Second Normal Form (2NF) − A table is 2NF if it is 1NF and every non-key column is fully dependent on the primary key. Furthermore, if the primary key is made up of several columns, every non-key column shall depend on the entire set and not part of it.
For example, the primary key of the OrderDetails table comprising orderID and productID. If unitPrice is dependent only on productID, it shall not be kept in the OrderDetails table (but in the Products table). On the other hand, if the unit price is dependent on the product as well as the particular order, then it shall be kept in the OrderDetails table.
Third Normal Form (3NF) − A table is 3NF if it is 2NF and the non-key columns are independent of each other. In other words, the non-key columns are dependent on primary key, only on the primary key and nothing else. For example, suppose that we have a Products table with columns productID (primary key), name and unitPrice. The column discountRate shall not belong to the Products table if it is also dependent on the unitPrice, which is not part of the primary key.
Higher Normal Form: 3NF has its inadequacies, which leads to a higher Normal form, such as Boyce/Codd Normal form, Fourth Normal Form (4NF) and Fifth Normal Form (5NF), which is beyond the scope of this tutorial.
At times, you may decide to break some of the normalization rules, for performance reason (e.g., create a column called totalPrice in Orders table which can be derived from the orderDetails records); or because the end-user requested for it. Make sure that you fully aware of it, develop programming logic to handle it, and properly document the decision.
You should also apply the integrity rules to check the integrity of your design −
1. Entity Integrity Rule − The primary key cannot contain NULL. Otherwise, it cannot uniquely identify the row. For composite key made up of several columns, none of the columns can contain NULL. Most of the RDBMS check and enforce this rule.
2.Referential Integrity Rule − Each foreign key value must be matched to a primary key value in the table referenced (or parent table).
You can insert a row with a foreign key in the child table only if the value exists in the parent table.
If the value of the key changes in the parent table (e.g., the row updated or deleted), all rows with this foreign key in the child table(s) must be handled accordingly. You could either (a) disallow the changes; (b) cascade the change (or delete the records) in the child tables accordingly; (c) set the key value in the child tables to NULL.
Most RDBMS can be set up to perform the check and ensure the referential integrity, in a specified manner.

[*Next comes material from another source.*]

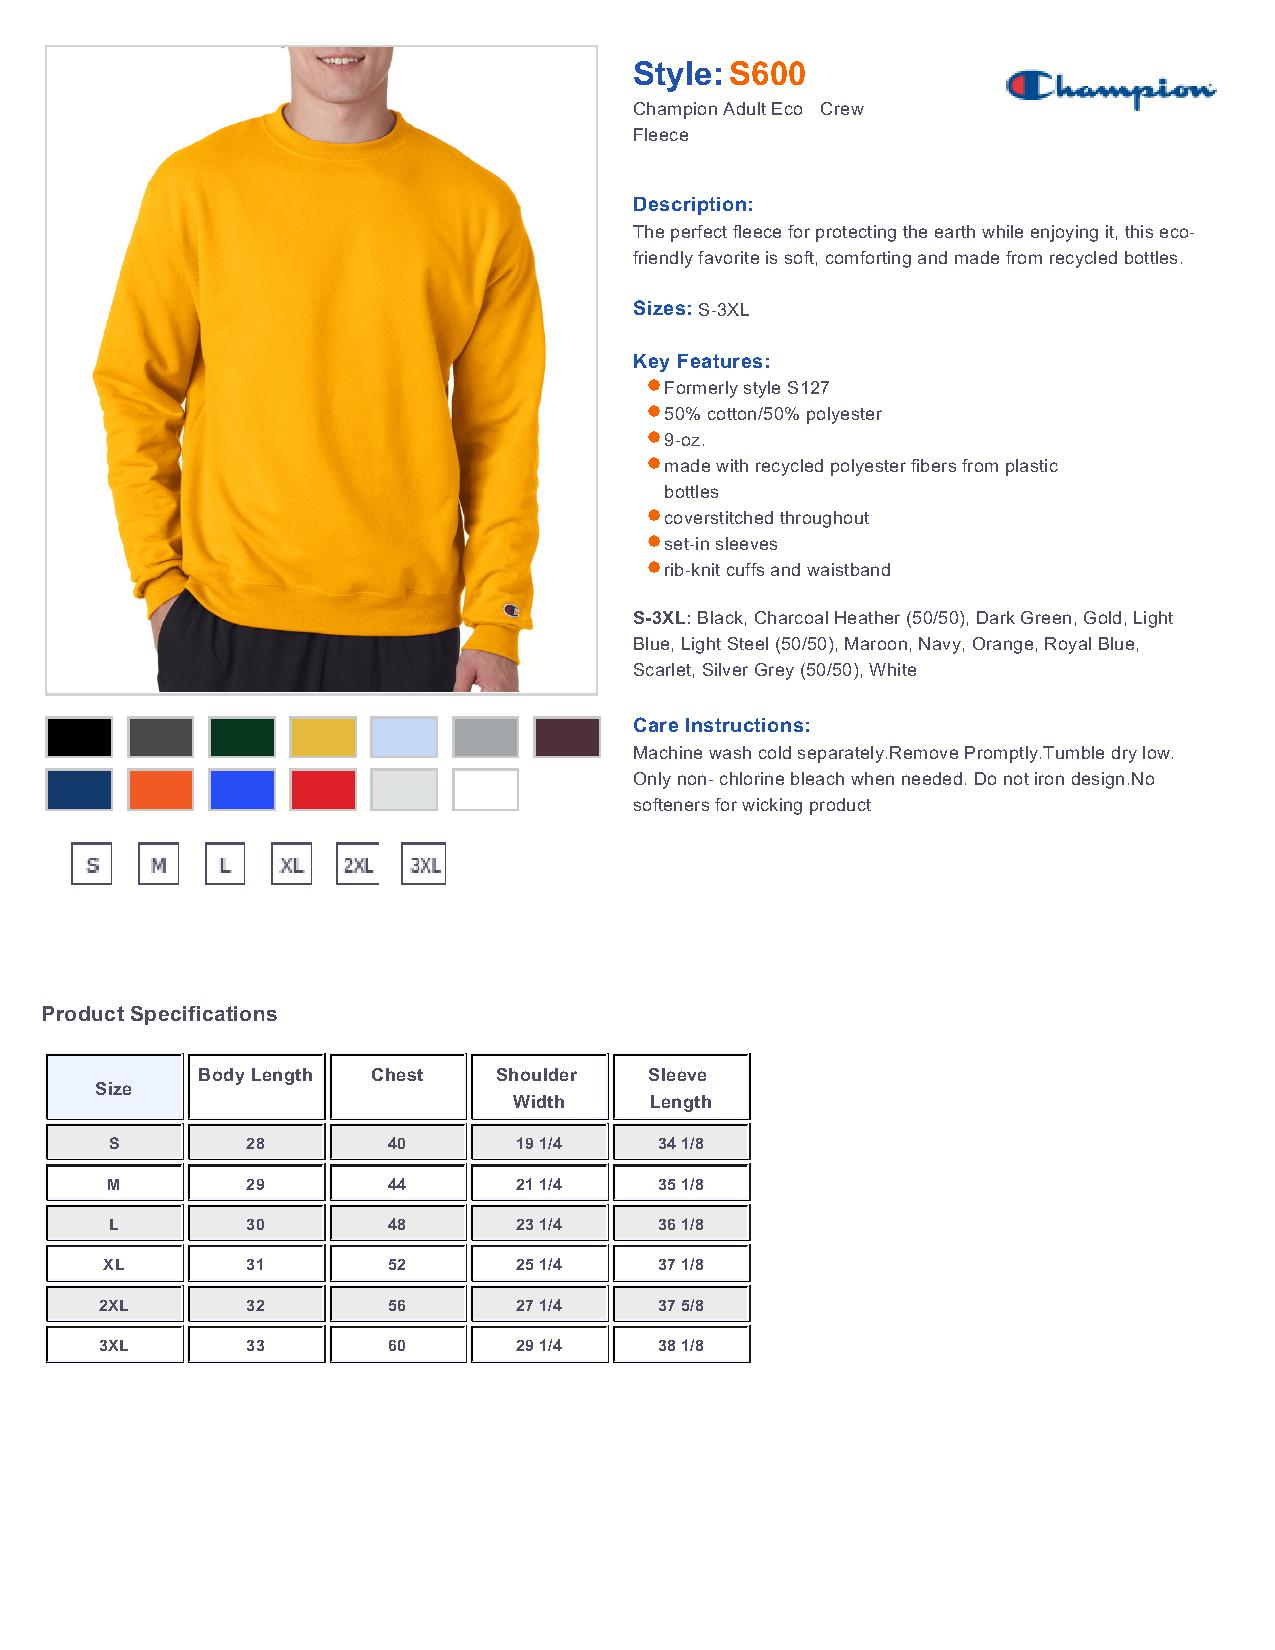 75ca3a683ed4 Champion S600 - Double Dry Eco Crewneck Sweatshirt  11.68 - Women s ...

3.Business logic Integrity − Besides the above two general integrity rules, there could be integrity (validation) pertaining to the business logic, e.g., zip code shall be 5-digit within a certain ranges, delivery date and time shall fall in the business hours; quantity ordered shall be equal or less than quantity in stock, etc. These could be carried out invalidation rule (for the specific column) or programming logic.
You could create an index on the selected column(s) to facilitate data searching and retrieval. An index is a structured file that speeds up data access for SELECT but may slow down INSERT, UPDATE, and DELETE. Without an index structure, to process a SELECT query with a matching criterion (e.g., SELECT * FROM Customers WHERE name='Tan Ah Teck'), the database engine needs to compare every record in the table. A specialized index (e.g., in BTREE structure) could reach the record without comparing every record. However, the index needs to be rebuilt whenever a record is changed, which results in overhead associated with using indexes.
The index can be defined on a single column, a set of columns (called concatenated index), or part of a column (e.g., first 10 characters of a VARCHAR(100)) (called partial index). You could build more than one index in a table. For example, if you often search for a customer using either customerName or phone number, you could speed up the search by building an index on column customerName, as well as phoneNumber. Most RDBMS builds an index on the primary key automatically.